“There is still time, Sean, and I think on both sides of the aisle you’re going to see people coming and going from this race,”
According to Palin;
“In the Republican race, in this primary, I think people are still going to be coming and going because there is still time. And I’m still one of those still considering the time factor.”
When Hannity asked she didn’t need to make a decision by November, her response was;
“You do, legally you do, because you have start getting your ducks lined up to have your name on these ballots.”
But probably the most telling comment she made during her interview was;
“This is going to be such an unconventional election cycle. … Mark my word, it is going to be an unconventional type of election process.”
Trying to dissect Palin’s words is probably futile. The former Governor and Vice Presidential nominee is keenly aware that her every word is scrutinized, and from them are extrapolated some wild hypotheses . As such, she quite smartly, and intentionally throws out phrases that keep speculation about her front and center.
But there are several realities that can’t be denied. The most glaring one is that if Governor Palin intends to run, in order to get her name on the ballot in South Carolina and Florida, she must make her candidacy official and file the proper paperwork within the next 5 ½ weeks.
Or does she?
As Palin said in her interview, “Mark my word, it is going to be an unconventional type of election process.”
When it comes to unconventional, Sarah Palin is the quintessential queen of unconvential. No politician is as unconventional as her. And while some suggest that her unpredictable nature makes her an unlikely political leader, it can not be denied that much of Palin’s popularity is based on her unconventional tendencies. It is what makes her the anti-establishment candidate at a time when the popular TEA movement that decided the 2010 midterm elections, is looking for an anti-establishmentarian figure to lead our nation.
So what could Palin have meant when after admitting that by typical legal standards, one would have to make a decision about the presidential election soon, but then suggested that this election is not going to be typical?
It is true that Palin would have to make her candidacy officially within the next several weeks if she intended to have ballot access in the South Carolina and Florida primaries. But it is also true that Palin could still win both those contests without appearing on the ballot. If an aggressive write-in effort were waged, Palin could actually catapult herself into frontrunner status and turn this election on its ear. That would certainly live up to her promise that we are about to enter into “an unconventional type of election process.”
To help make that promise come to fruition, Palin could remain an undeclared presidential candidate and continue to draw thousands to the appearances she she is already making around the country. But with a shifted focus on visits to Iowa, South Carolina, and Florida, and a few additional words, she could be in this race until the Republican national convention concludes.
With all the talk about Republicans not being very confident or excited by any of the existing candidates, Palin can appeal to those dissatisfied Republicans, and TEA movement voters by remaining the anti-establishment Republican. She can simply suggest that if you really want to send a message to Republicans and Democrats alike, we should think outside of the box that the establishment has put us in and do not limit ourselves to the candidates that the two Parties offer. And then all Palin needs to say is……

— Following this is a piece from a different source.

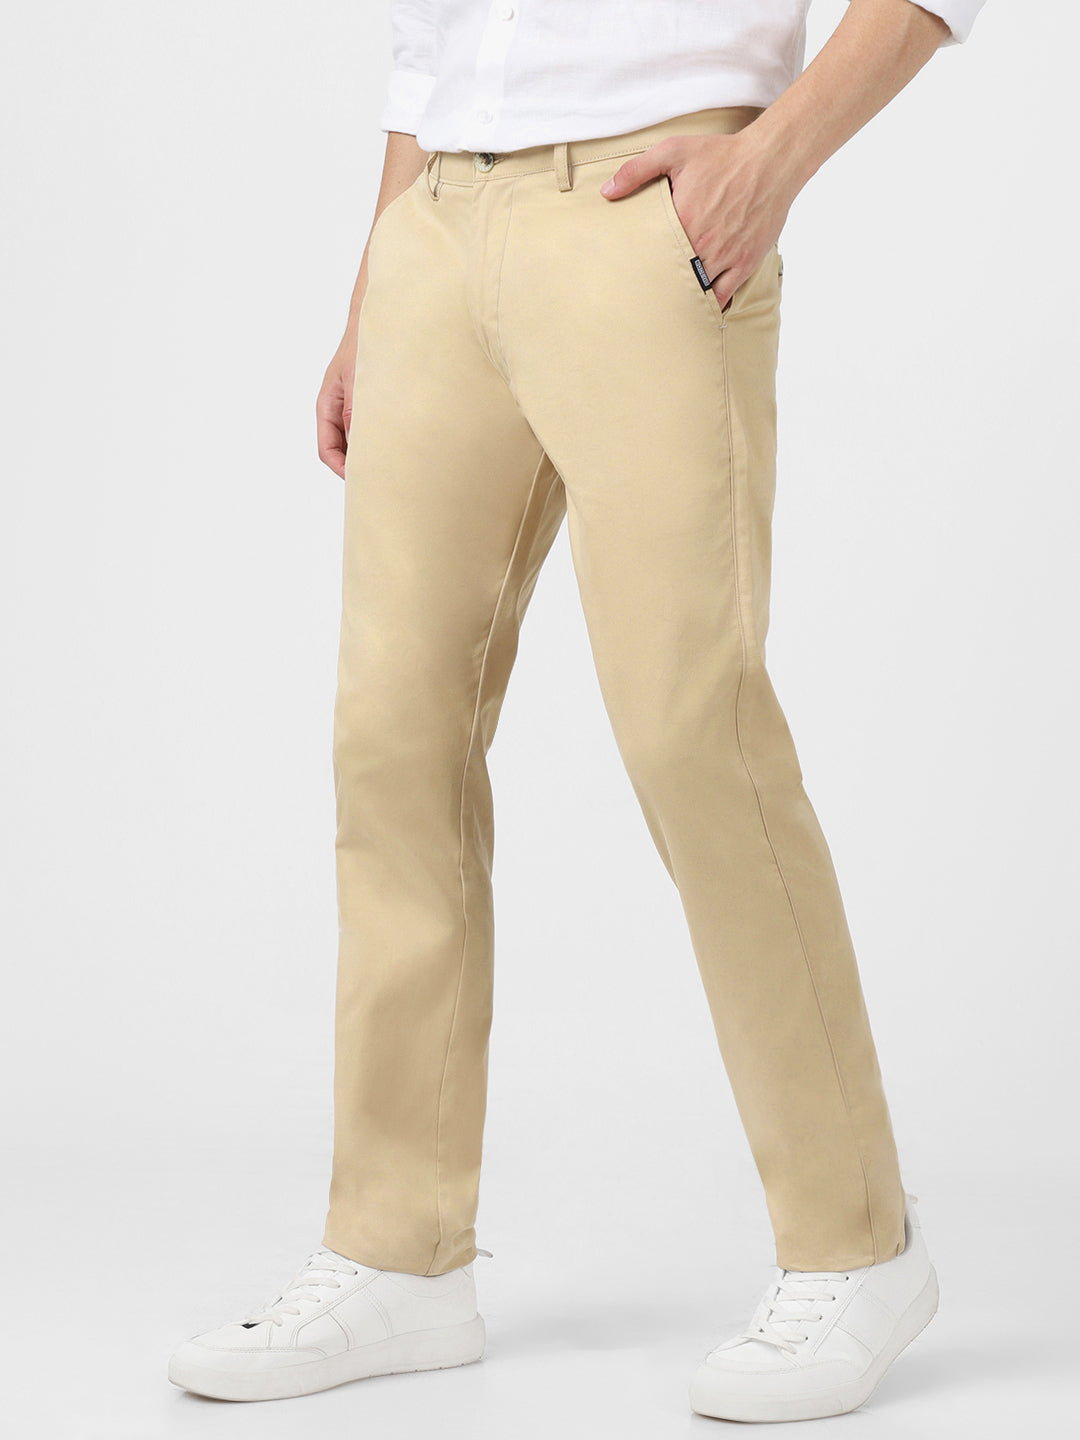 Men's Beige Cotton Slim Fit Casual Chinos Trousers Stretch
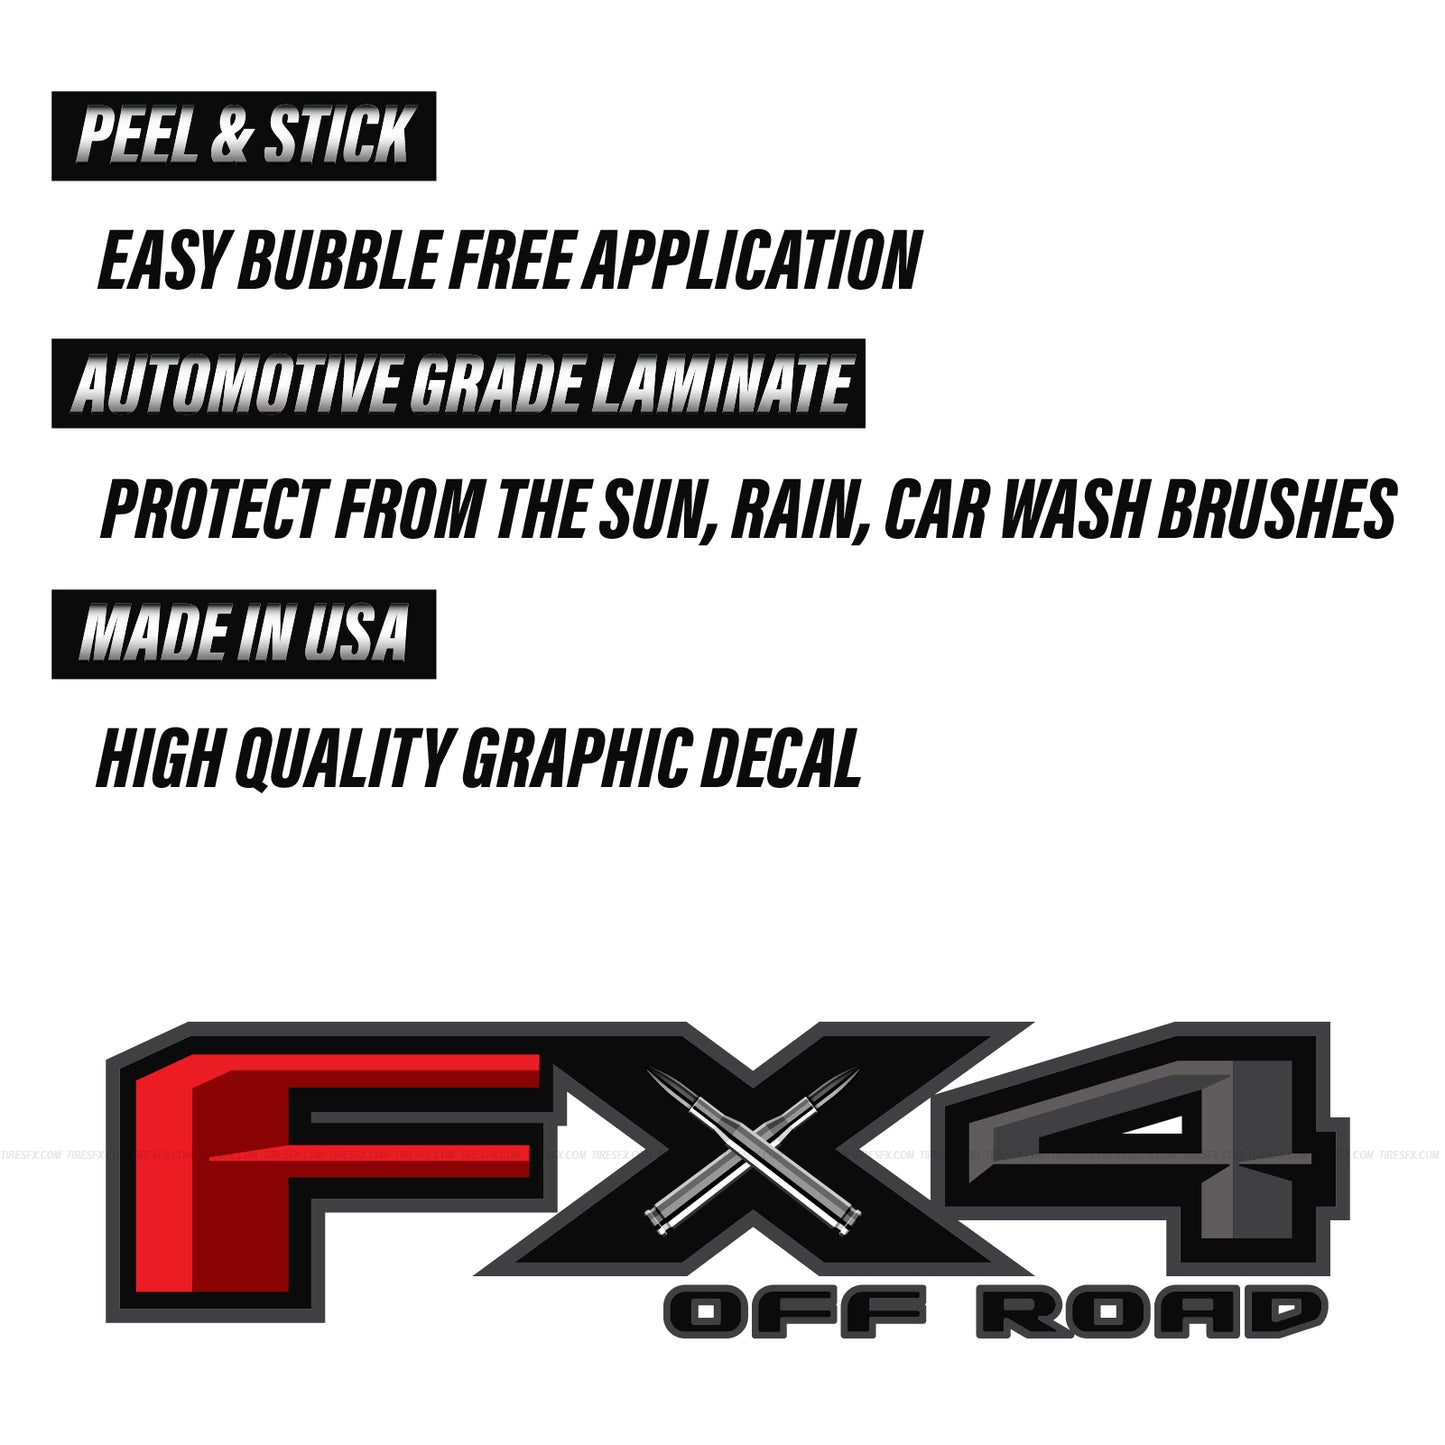 FX4 Off Road Bullets Decal Replacement Sticker Ford F 150 Bedside Emblem for 4x4 Truck Super Duty

“Write in the name of the person you want to lead this nation, don’t just mark off one of the names that the Party machine allows you to choose from”.
From then on, a movement will be born, a movement that will make writing Sarah Palin’s name in as a symbol of protest and dissatisfaction with the establishment……of both Parties.
In the end, Governor Palin may not be able to win the nomination solely as a write-in candidate, but it could also be that Governor Palin does not intend to be President. Such an effort could simply be an ingenious way for her to insure that her voice is heard and that she continues to influence politics in the way that she intends to………… by keeping the establishment on their toes and preaching the virtues of limited government and bountiful freedom.
Then again, no one can say that Palin would have to remain simply a protest vote. A strong write-in candidacy could actually provide Palin with enough delegates to significantly influence such things as who the next vice presidential nominee is and numerous planks in the Republican Party’s platform. And if this happens to be a very close nomination contest, she could even garner enough delegates to select who the next presidential nominee is.
But that’s not to say that Palin won’t be the next President herself.
If her promise of an unconventional election bears out to mean a Palin write-in candidacy, a strong showing in Florida or South Carolina as a write-in candidate could create enough waves to propel her ahead of the official candidates. If that were to happen, all bets are off.